Oleh: Ngarjito Ardi Setyanto*
Membicarakan Indonesia tidak akan pernah habis. Selalu ada sisi yang perlu dibahas, baik itu geografi, flora, fauna, bahkan sisi sejarahnya. Membicarakan Indonesia tak semudah membalikkan telapak tangan. Butuh bertahun-tahun untuk membicara kerennya Indonesia. Indonesia adalah miniatur dunia.
Indonesia tidak hanya miliki orang Jawa, apa lagi orang Papua. Indonesia bukan milik saya, apalagi Anda. Indonesia tidak hanya miliki suku Batak, apalagi suku Dayak. Indonesia tidak hanya milik Islam, apalagi Kristen.
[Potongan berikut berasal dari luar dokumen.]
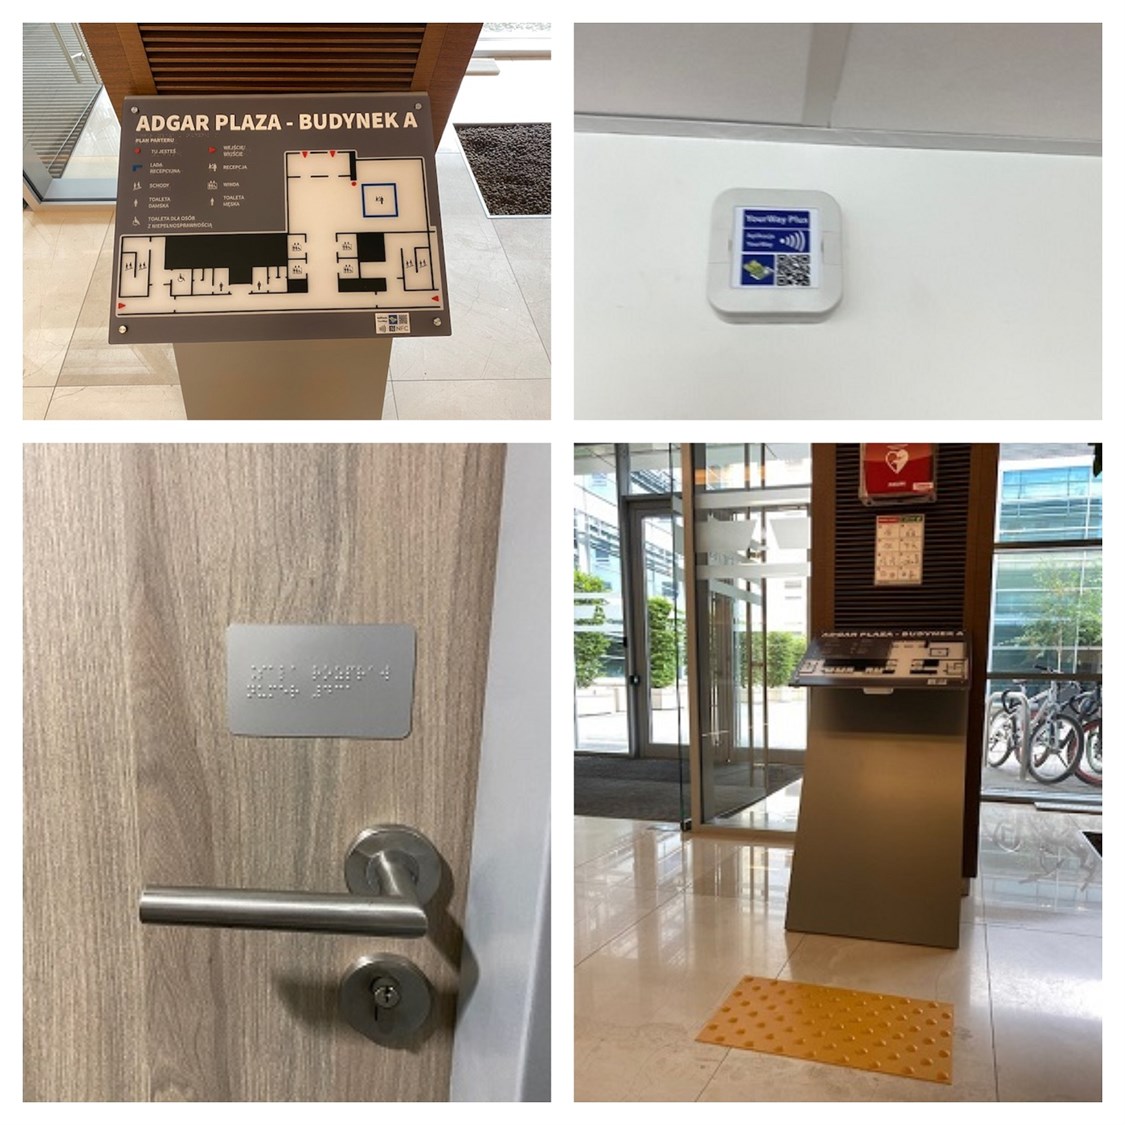 Dotykowy plan informacyjny ze znacznikami YourWay Plus i NFC, znacznik YourWay Plus w korytarzu, aluminiowe tabliczki informacyjne w budynku A kompleksu biurowego Adgar Plaza w Warszawie

Tetapi Indonesia adalah miliki aku, kamu dan kita semua. Indonesia tanpa aku dan kamu, bukan Indonesia. Aku dan kamu tanpa Indonesia bukan siapa-siapa.
Melihat Indonesia, tidak hanya mengelilingnya, tetapi bisa juga melihat sosial-kultural yang ada di keliling kita. Tengoklah di sekitar kita, nama kawan kita, nama tetangga kita, nama guru kita dan mungkin nama tukang ojek langganan kita. Mereka memiliki nama yang keren, satu sama lain memiliki karakter yang berbeda. Karakter yang menggambarkan Indonesia.
Namaku orang Jawa, namamu orang Batak, apalagi nama Anda orang Dayak, memiliki karakter yang berbeda satu sama lain. Ketika ada orang yang memiliki nama dengan La Ode atau Wa Ode, secara tidak langsung menunjukan karakter orang tersebut dari dataran mana dan suku apa. La Ode atau Wa Ode menunjukan trah suatu raja di dataran Sulawesi, kerajaan Buton. Mana La Ode  menunjukan seorang laki-laki, sedangkan Wa Ode menunjukan perempuan.
La dan Wa dalam nama tersebut tidak hanya menunjukan bangsawan, tetapi tingkatan religiusitas orang tersebut. Sebab, La merupakan singkatan dari bahasa arab yang berasal dari syahadat Islam; La illaha illaula. Begitu juga dengan nama Wa merupakan singkatan dari kalimata kalimat Wa ashadu anna muhammadarrasulullahSedangkan kata Ode memiliki arti bangsawan yang ditemukan dalam literatur bahasa Arab kuno.
Secara tidak langsungkata La Ode dan Wa Ode memiliki makna yang cukup dalam di kehidupan masyarakat, terutama masyarakat Buton. Nama itu tidak hanya sapaan sesama manusia, tetapi bentuk interaksi kepada sang pencipta manusia; Allah Swt. Jadi La Ode dan Wa Ode secara tersirat adalah orang yang mulia dan terpuji di hadapan Allah Swt.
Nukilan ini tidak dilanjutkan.